Do we still need facts?

by Jamie McKenzie (about author)

It seems like a dumb question, right?

But much of the USA watched the Senate Judiciary Committee struggle with questions of fact as the nominee to the Supreme Court stood accused of sexual assaults during his high school and college years. Several Senators called for an FBI investigation into the charges, asserting that they could not approve his nomination without MORE FACTS.

Unfortunately, we are seeing a shift in the way many people make their decisions.
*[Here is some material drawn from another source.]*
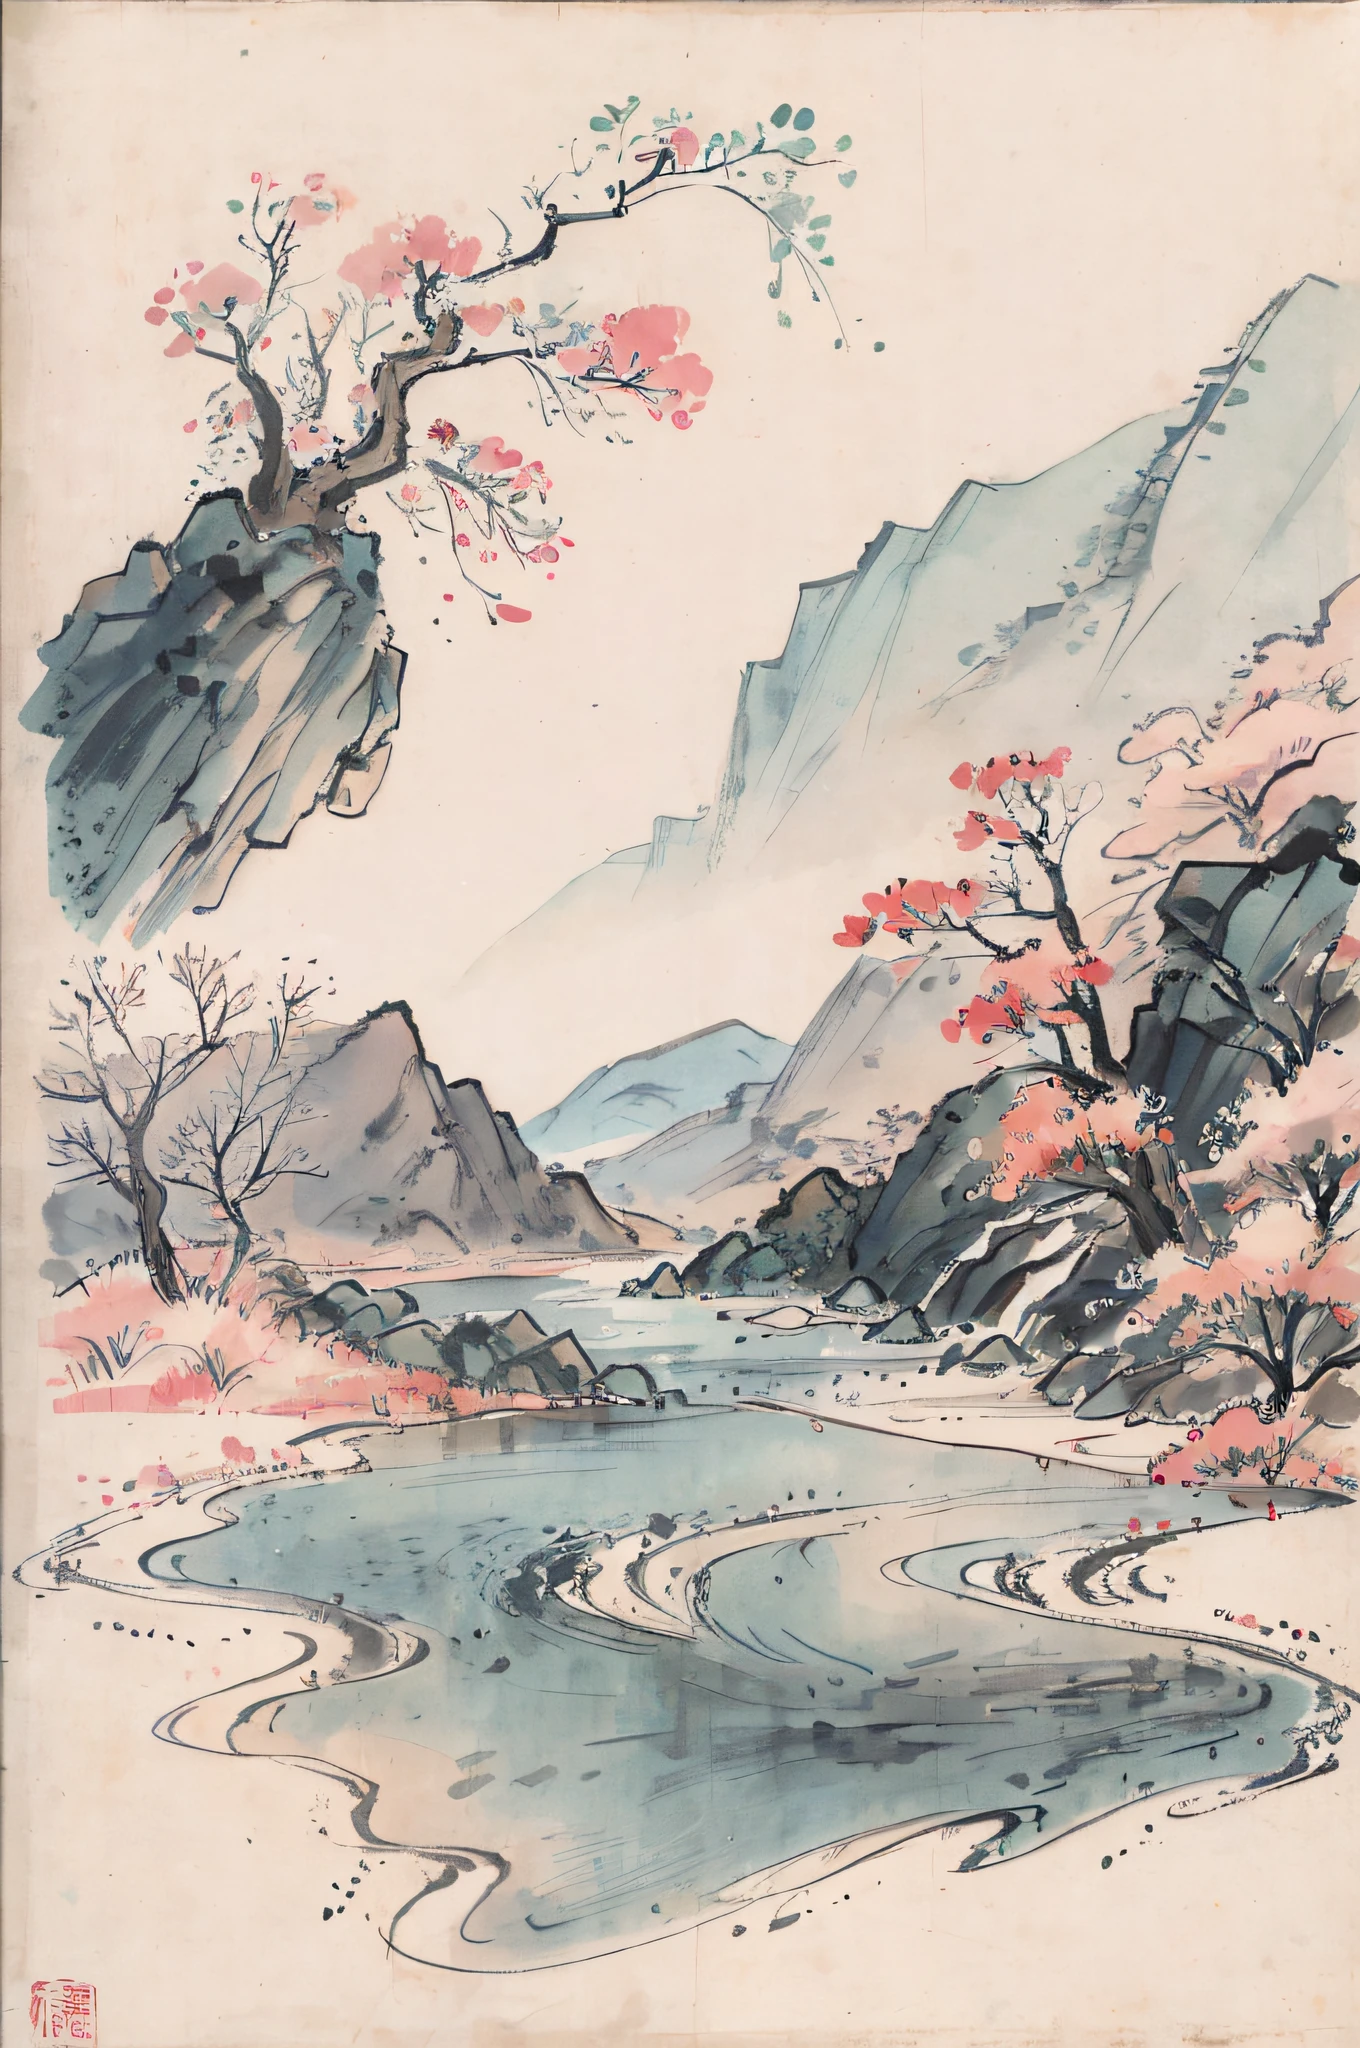 (Obra de arte, melhor qualidade: 1.2), pintura a tinta tradicional chinesa, montanhas verdes, rios, composição simples
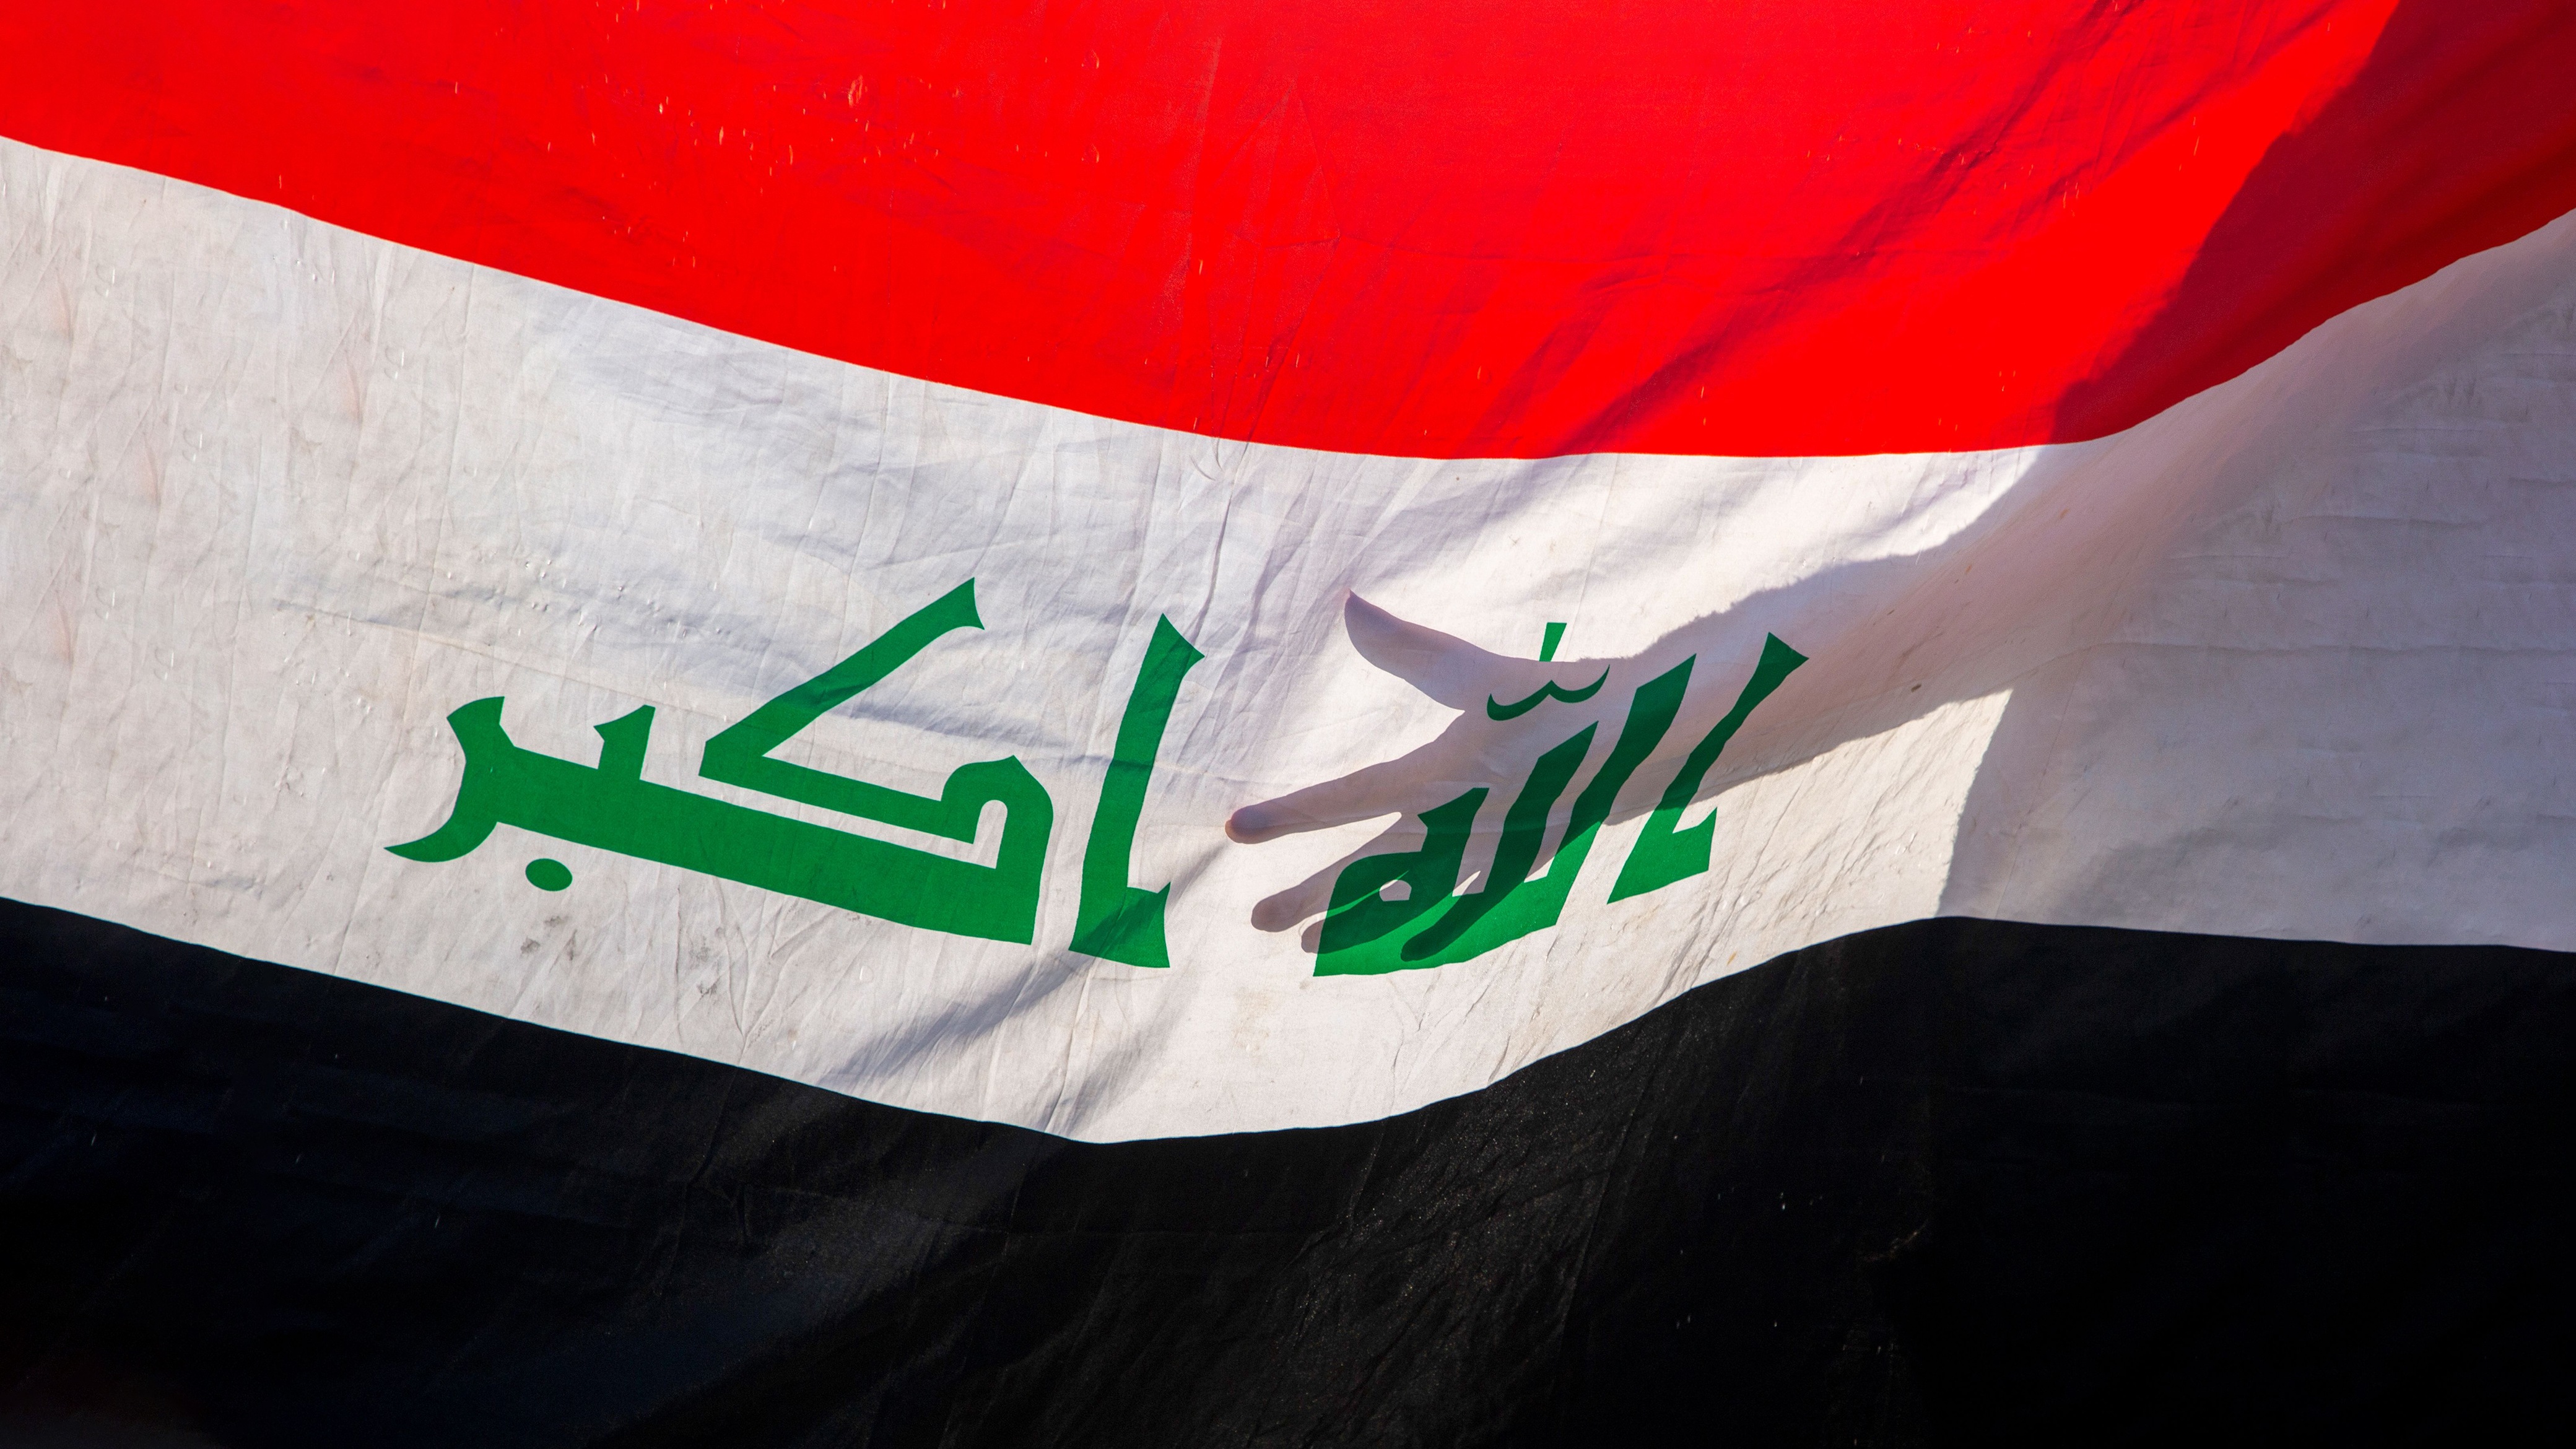 الإشكالية السياسية التي عانى منها العراق على امتداد القرن الأخير تتمثل بإعطاء الدولة أيديولوجيا السلطة الحاكمة

It is not an entirely new phenomenon, as folks have been cutting corners and skipping careful research for decades, believing what they hear (and want to hear) without checking to see if the claims and statements are truthful.

Have some people decided
that facts no longer matter?


Photo © J.McKenzie

Going back to the 1930s, we saw leaders climb to power in a number of countries by playing to the fears of people who had suffered in various ways. Scapegoating was a favorite tactic along with false claims and stirring music. Feelings became more important than facts.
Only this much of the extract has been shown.